## YOUR INSTRUCTIONS
Print the records below exactly, from the line containing "Buy Armani Exchange" down to the line containing "JJF2020福井会場スタッフからのメッセージ", both lines included, and omit every picture.

## AVAILABLE DATA
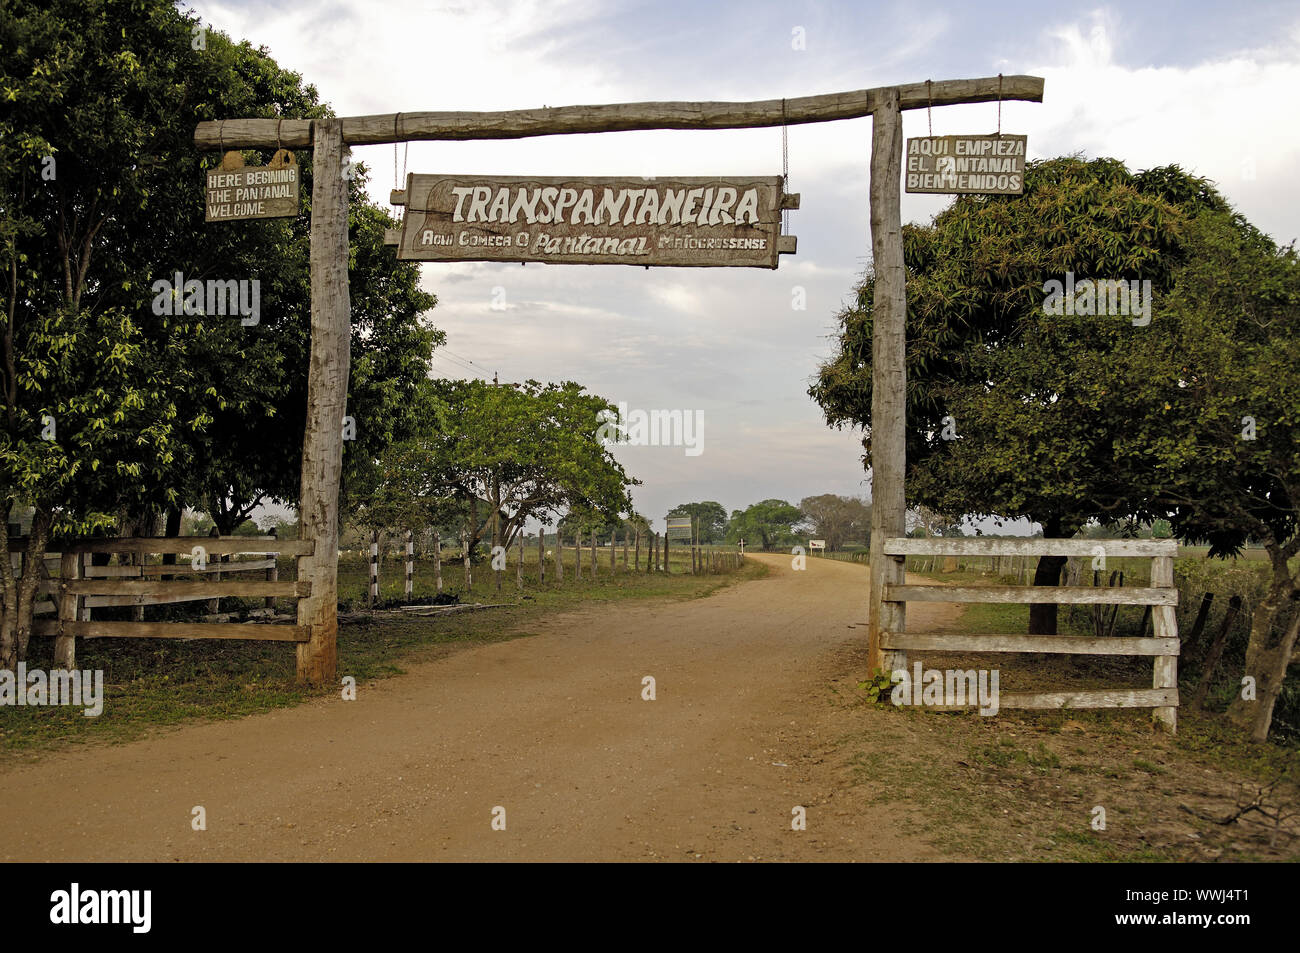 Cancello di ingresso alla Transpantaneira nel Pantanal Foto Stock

* * *

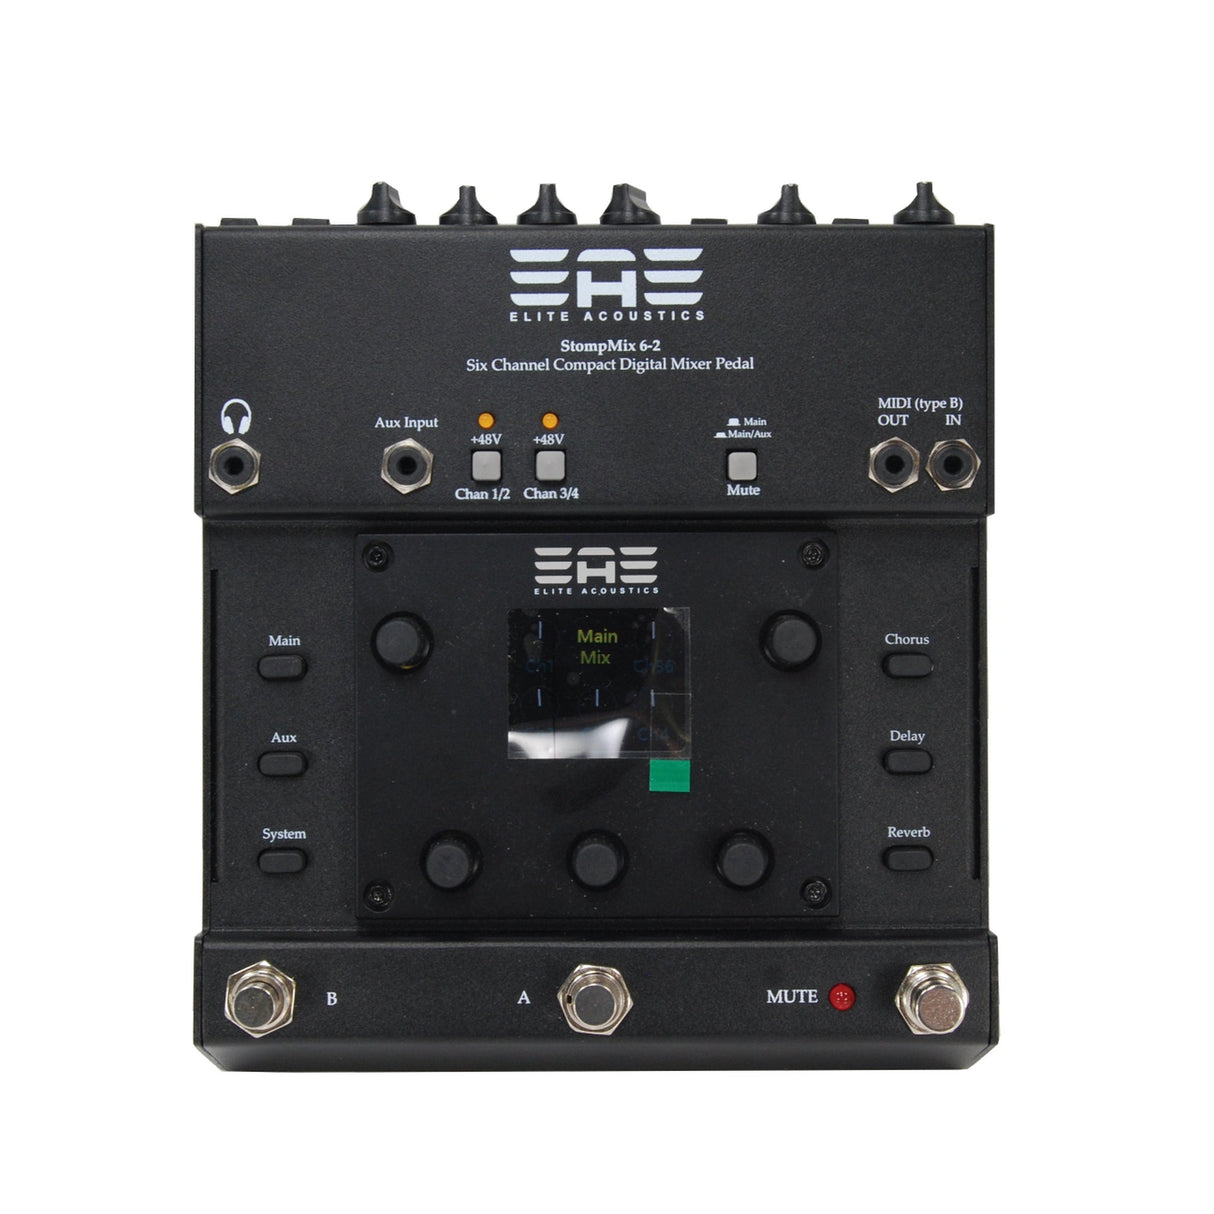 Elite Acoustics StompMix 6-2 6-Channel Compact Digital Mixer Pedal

---

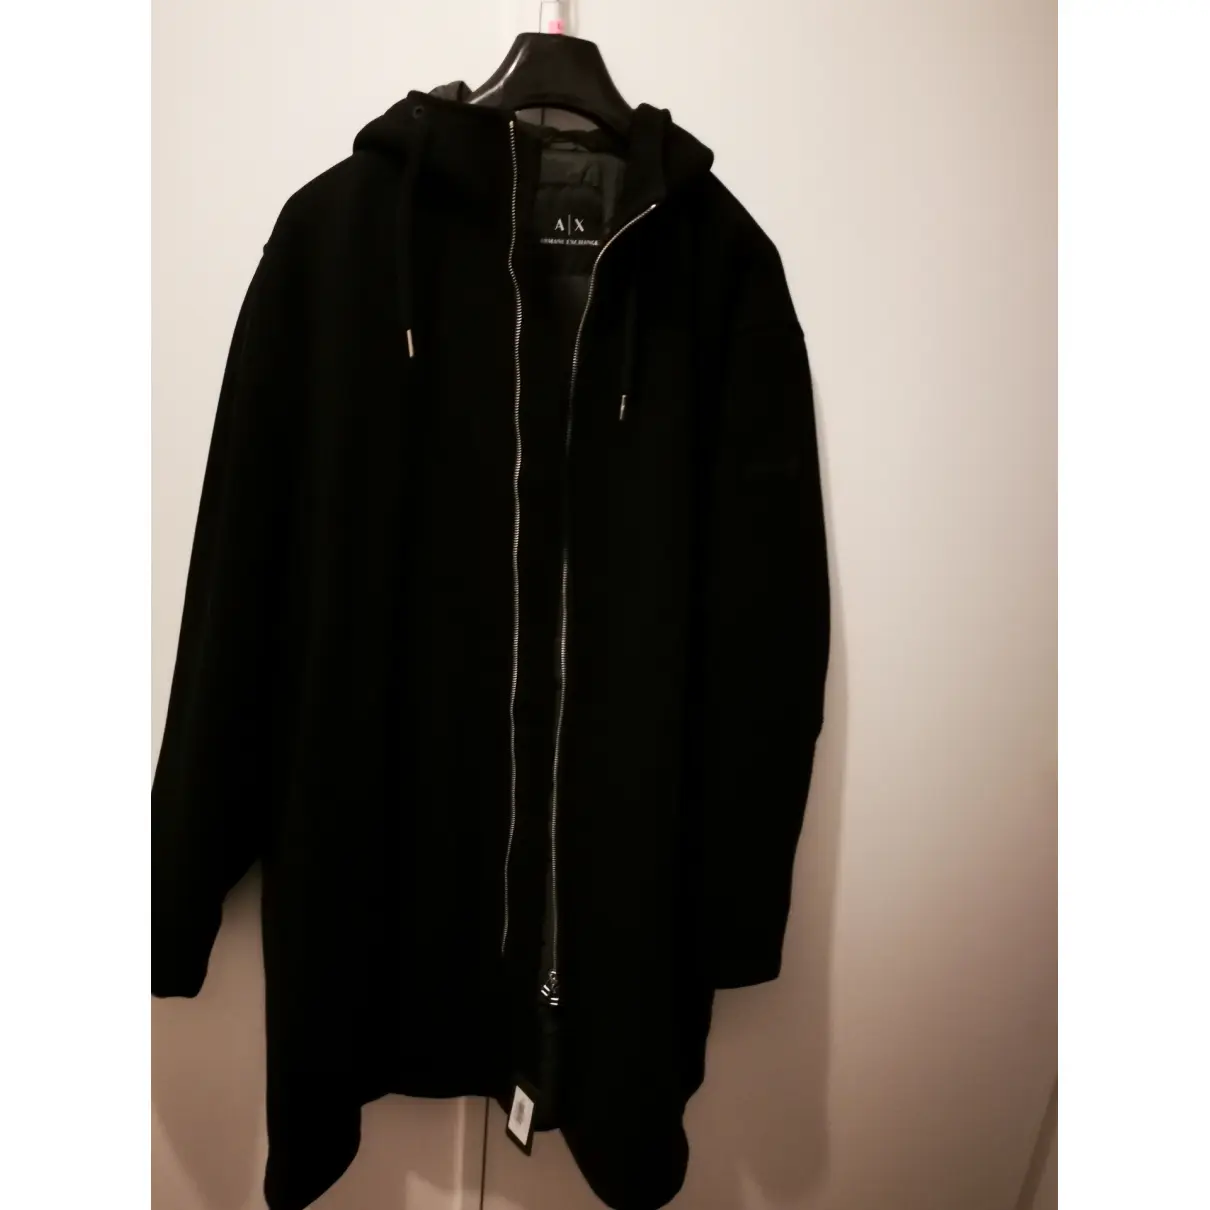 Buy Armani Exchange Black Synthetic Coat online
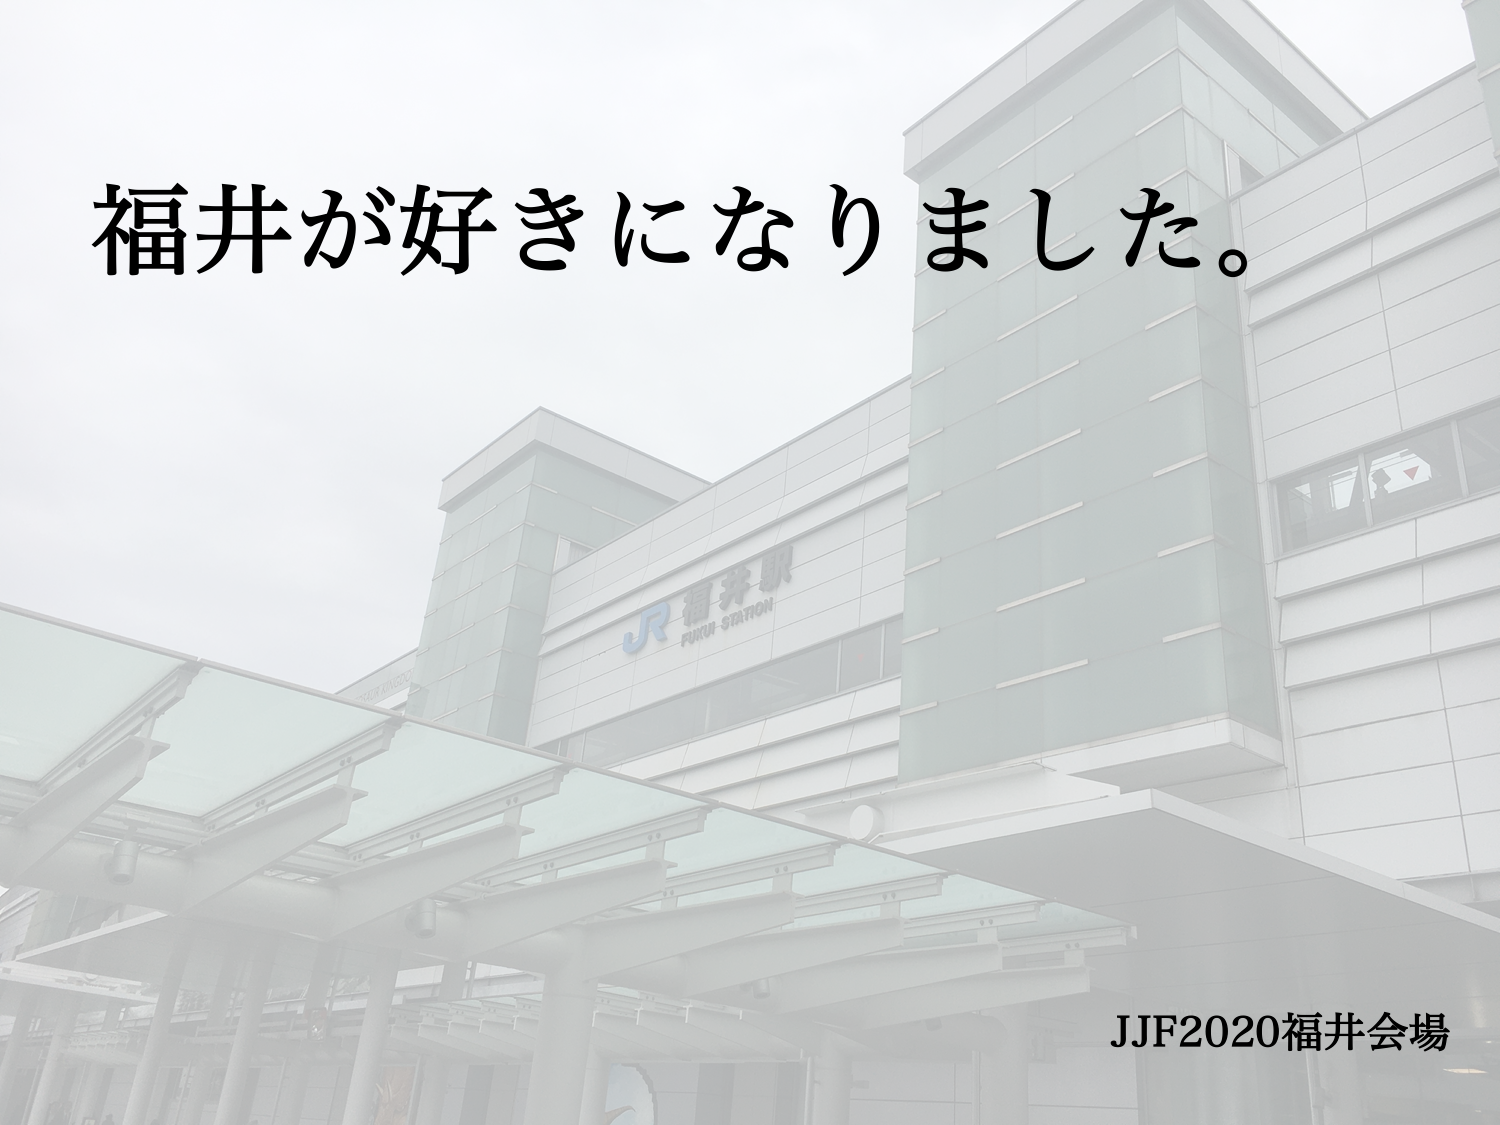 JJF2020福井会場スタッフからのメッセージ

## RESULT BELOW
 Buy Armani Exchange Black Synthetic Coat online
 JJF2020福井会場スタッフからのメッセージ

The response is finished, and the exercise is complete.